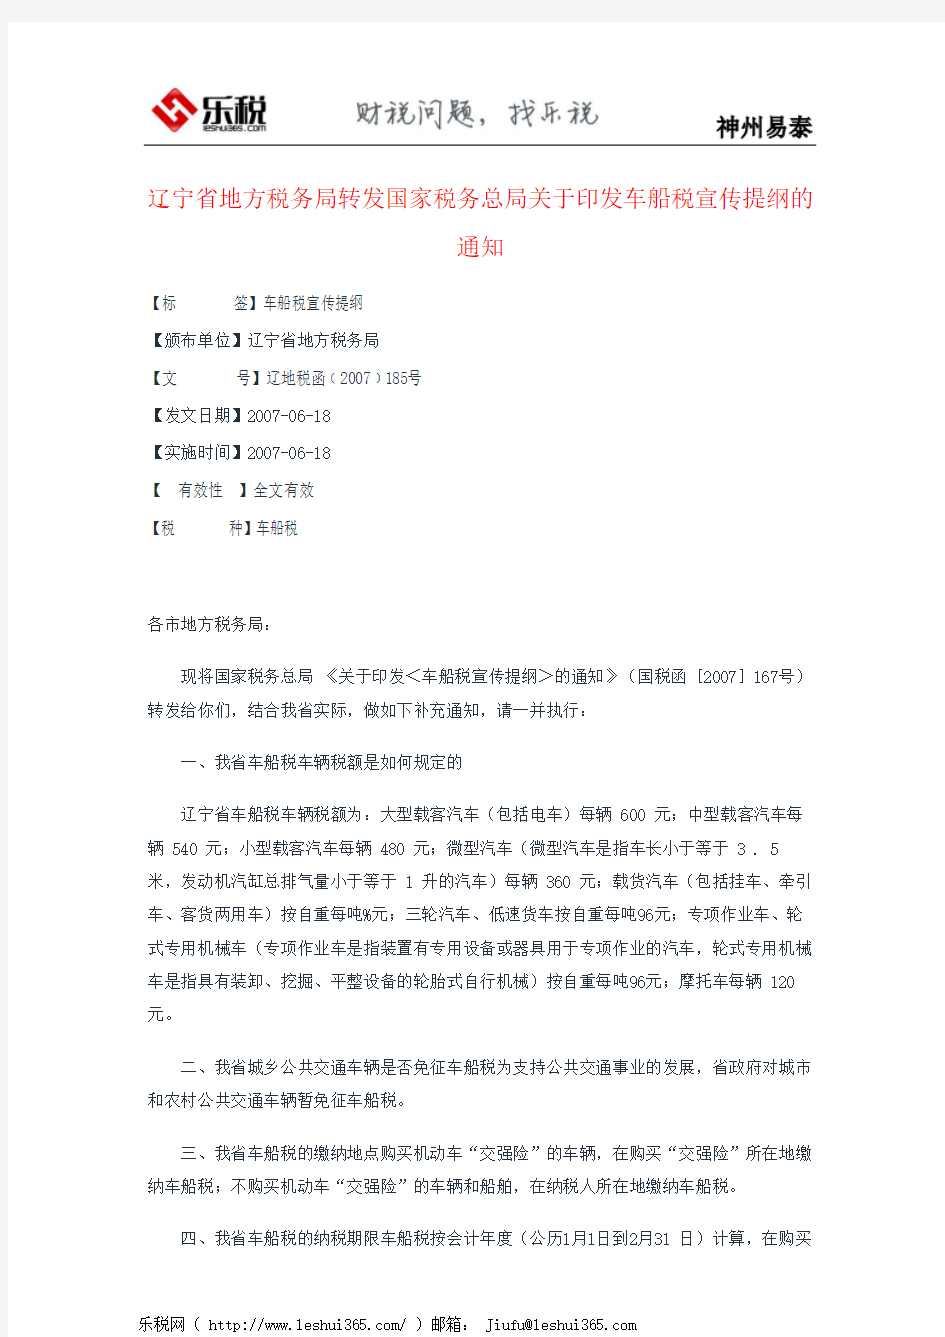 辽宁省地方税务局转发国家税务总局关于印发车船税宣传提纲的通知
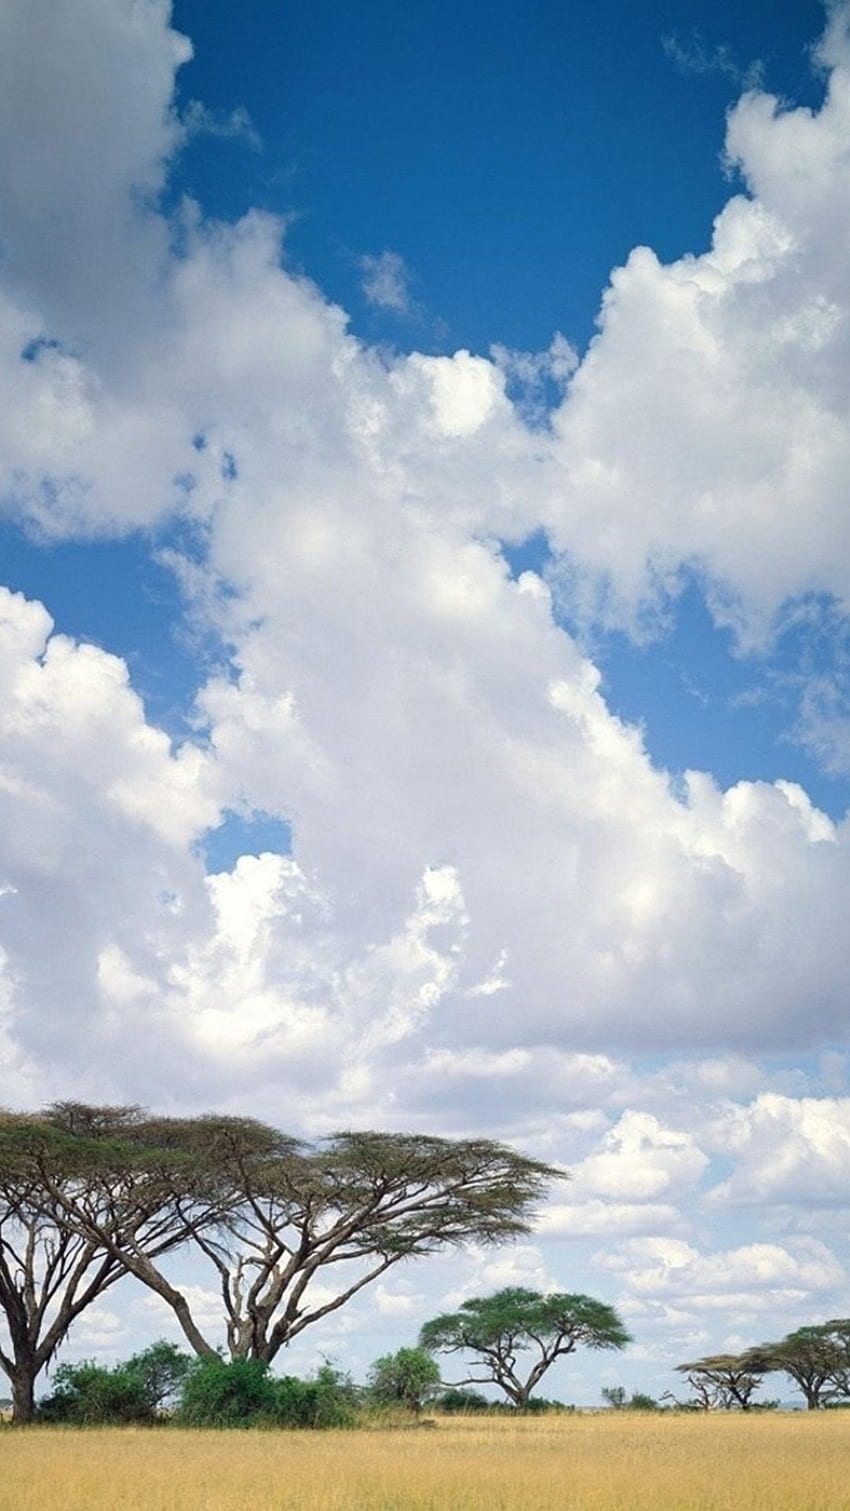 Đám mây Safari - Hình nền iPhone sẽ giúp bạn trang trí cho thiết bị của mình với hình ảnh đẹp và đầy sáng tạo. Với những bức ảnh tuyệt đẹp về đám mây trên nền trời xanh đẹp như tranh, bạn sẽ cảm nhận được sức mạnh và vẻ đẹp của thiên nhiên. Hãy xem hình ảnh liên quan để thể hiện phong cách riêng của mình và mang lại sự ấn tượng cho những người xung quanh.
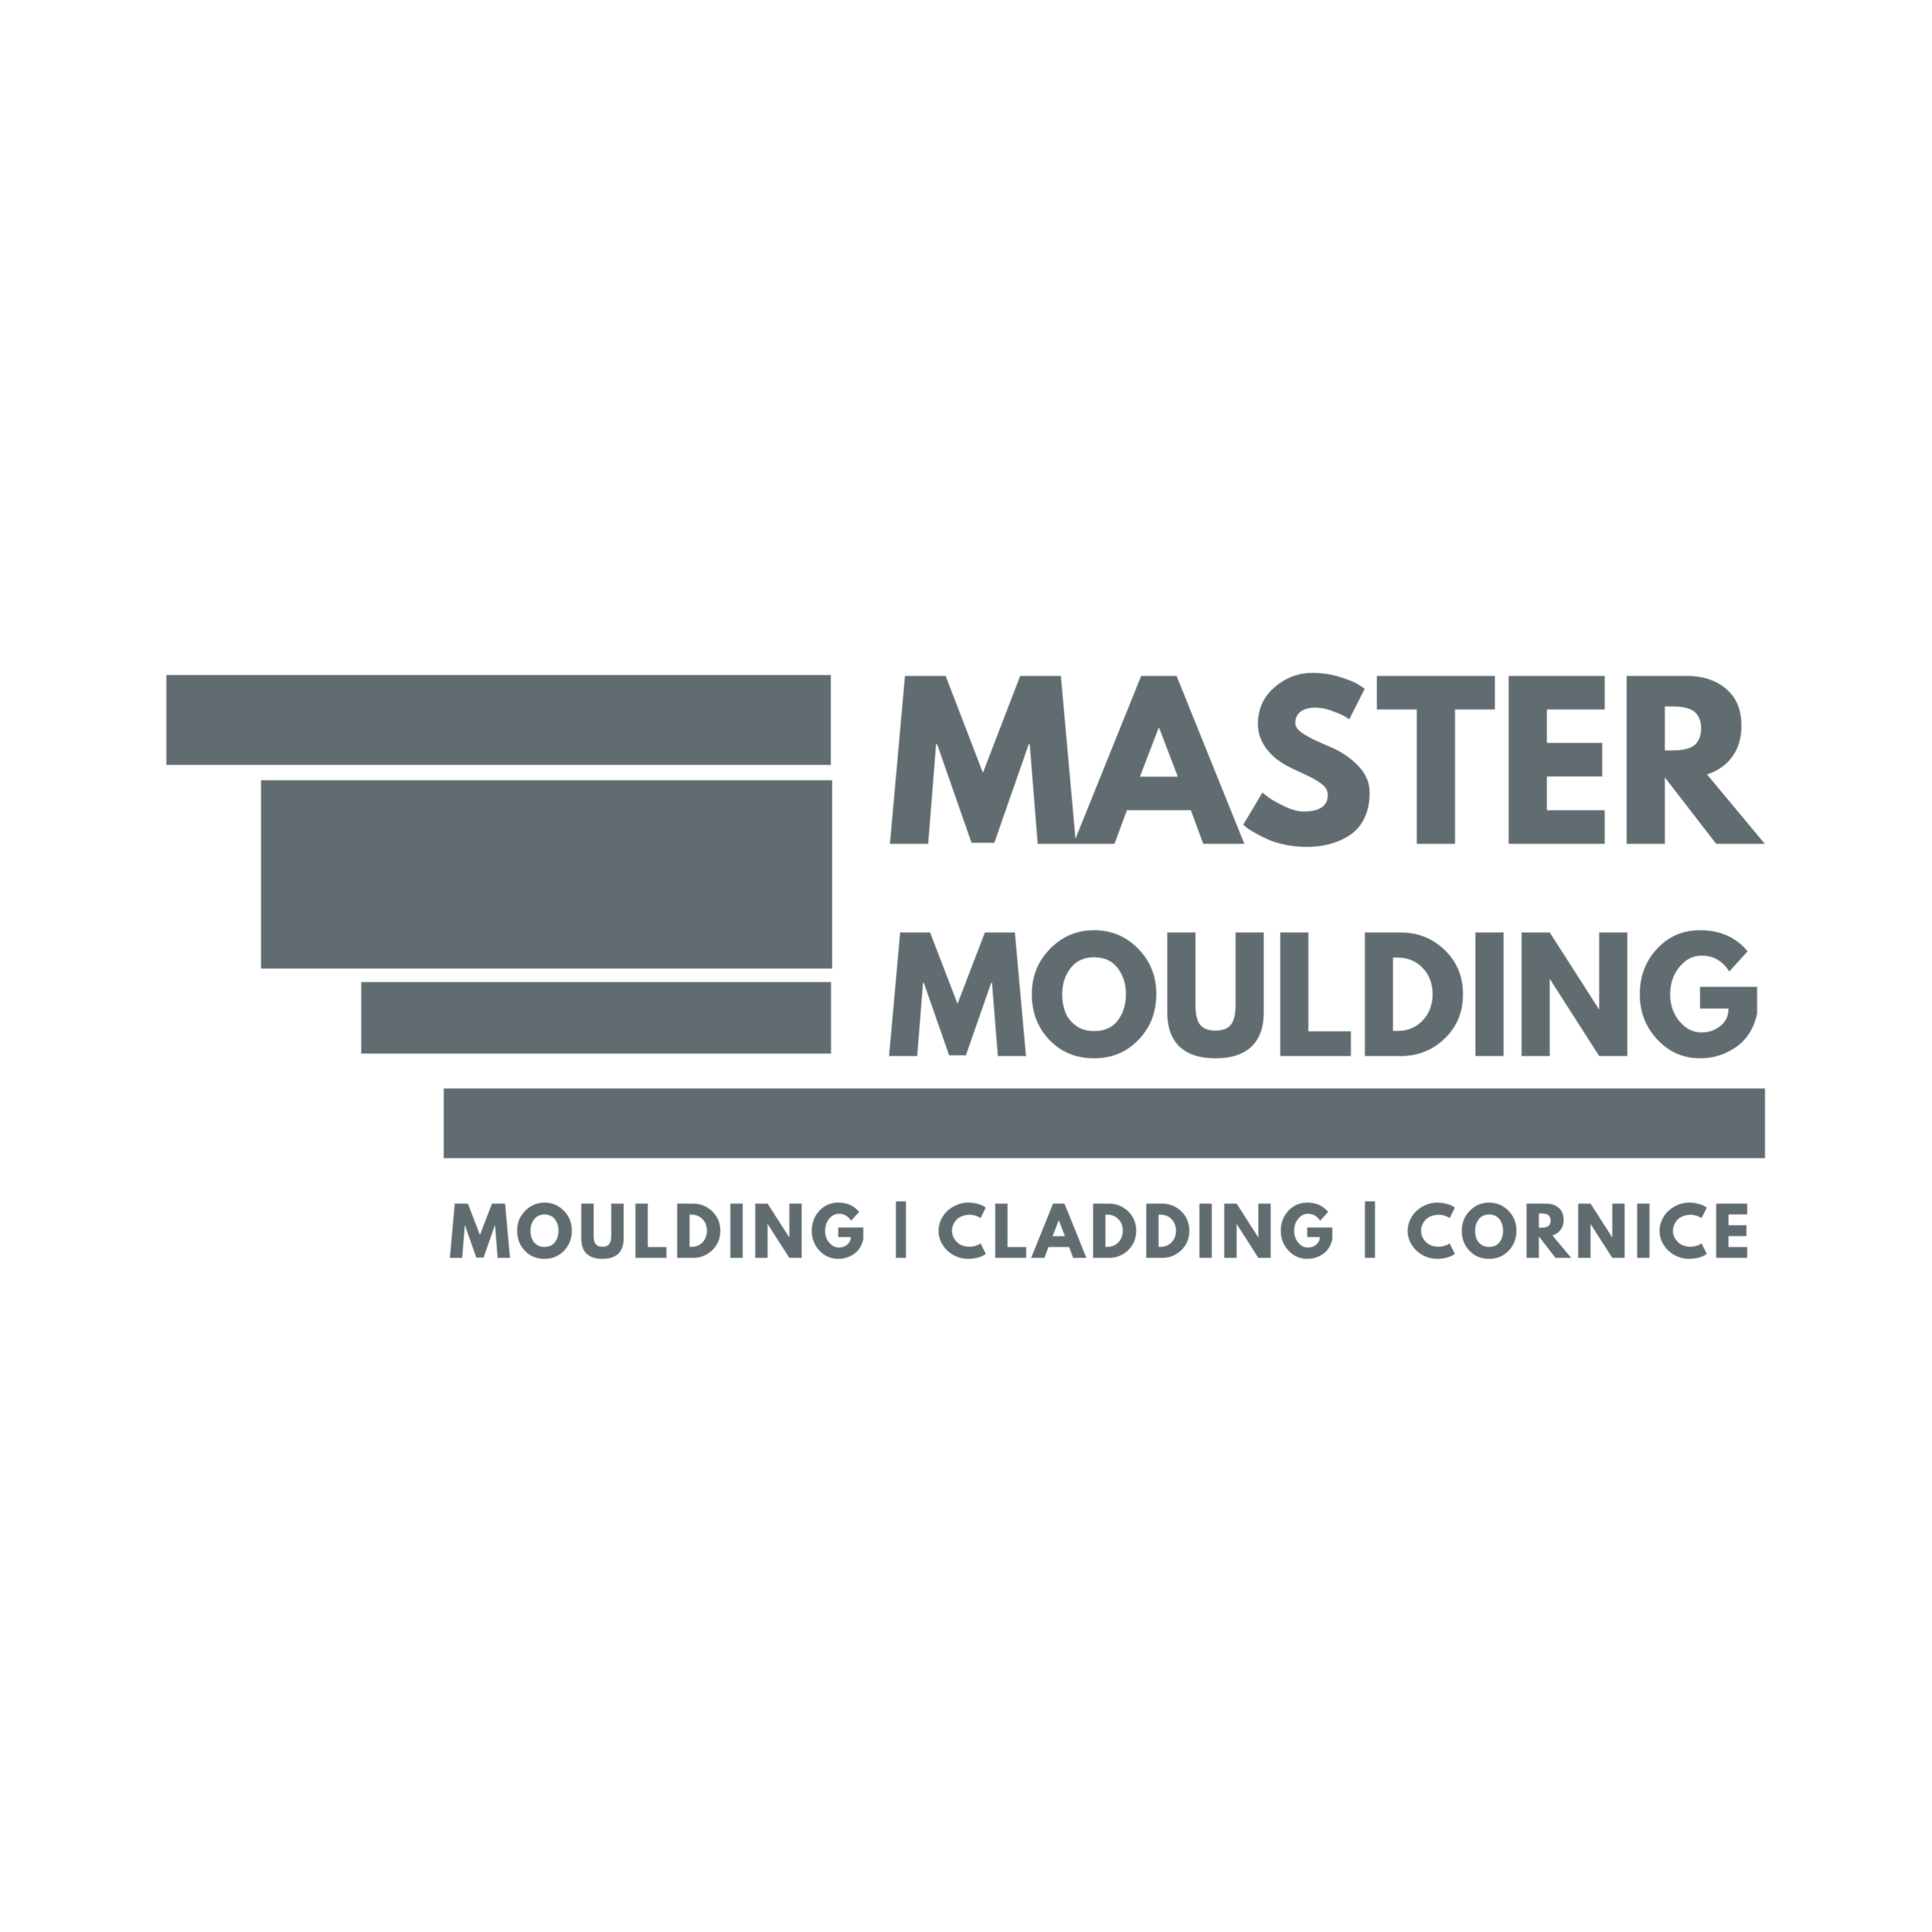 Master Moulding
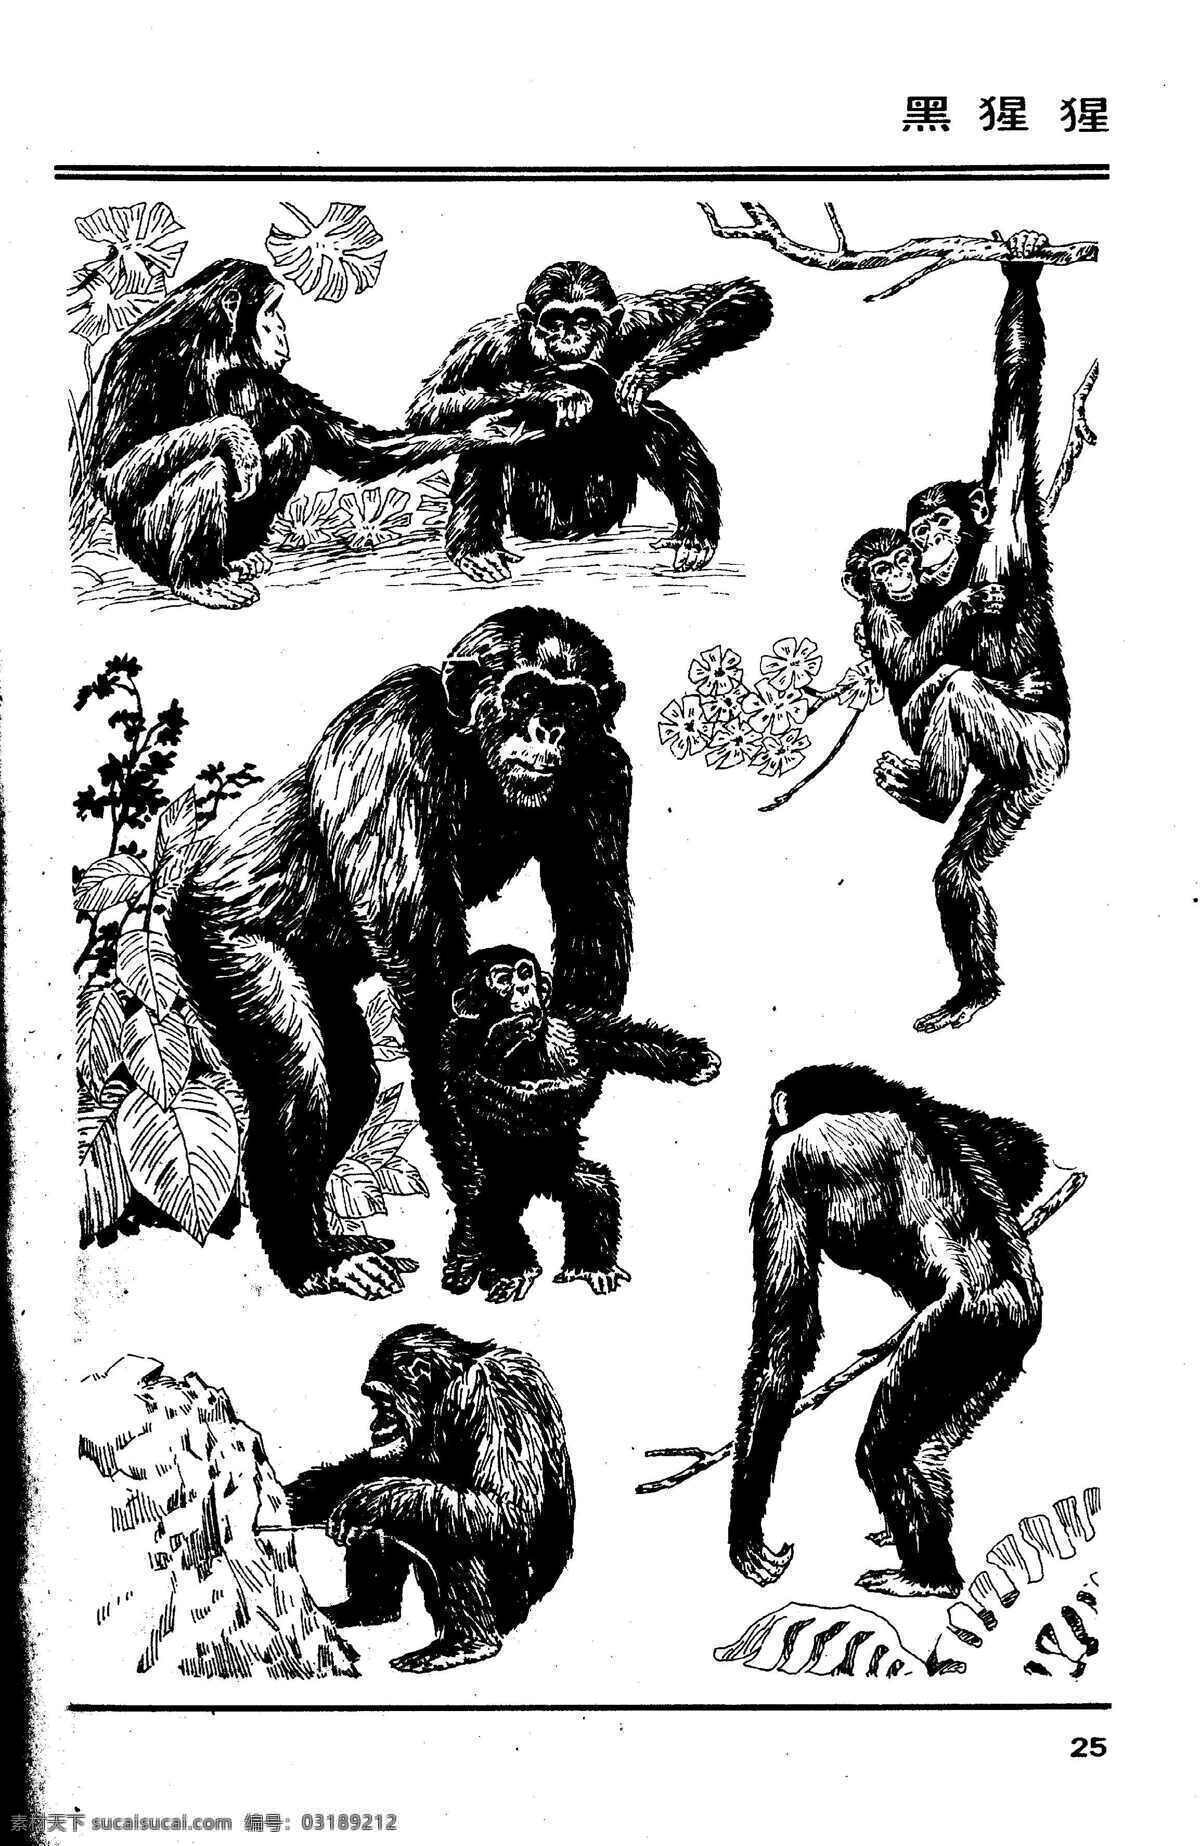 百兽图25 黑猩猩 百兽 兽 家禽 猛兽 动物 白描 线描 绘画 美术 禽兽 野生动物 猴 猴子 画兽谱 猩猩 生物世界 设计图库

- _Problem details_: Please write every line above out exactly as given, except for any pictures.

- _Solution to the problem_:
 辽宁省地方税务局转发国家税务总局关于印发车船税宣传提纲的通知
 Đám mây Safari - Hình nền iPhone sẽ giúp bạn trang trí cho thiết bị của mình với hình ảnh đẹp và đầy sáng tạo. Với những bức ảnh tuyệt đẹp về đám mây trên nền trời xanh đẹp như tranh, bạn sẽ cảm nhận được sức mạnh và vẻ đẹp của thiên nhiên. Hãy xem hình ảnh liên quan để thể hiện phong cách riêng của mình và mang lại sự ấn tượng cho những người xung quanh.
 Master Moulding
 百兽图25 黑猩猩 百兽 兽 家禽 猛兽 动物 白描 线描 绘画 美术 禽兽 野生动物 猴 猴子 画兽谱 猩猩 生物世界 设计图库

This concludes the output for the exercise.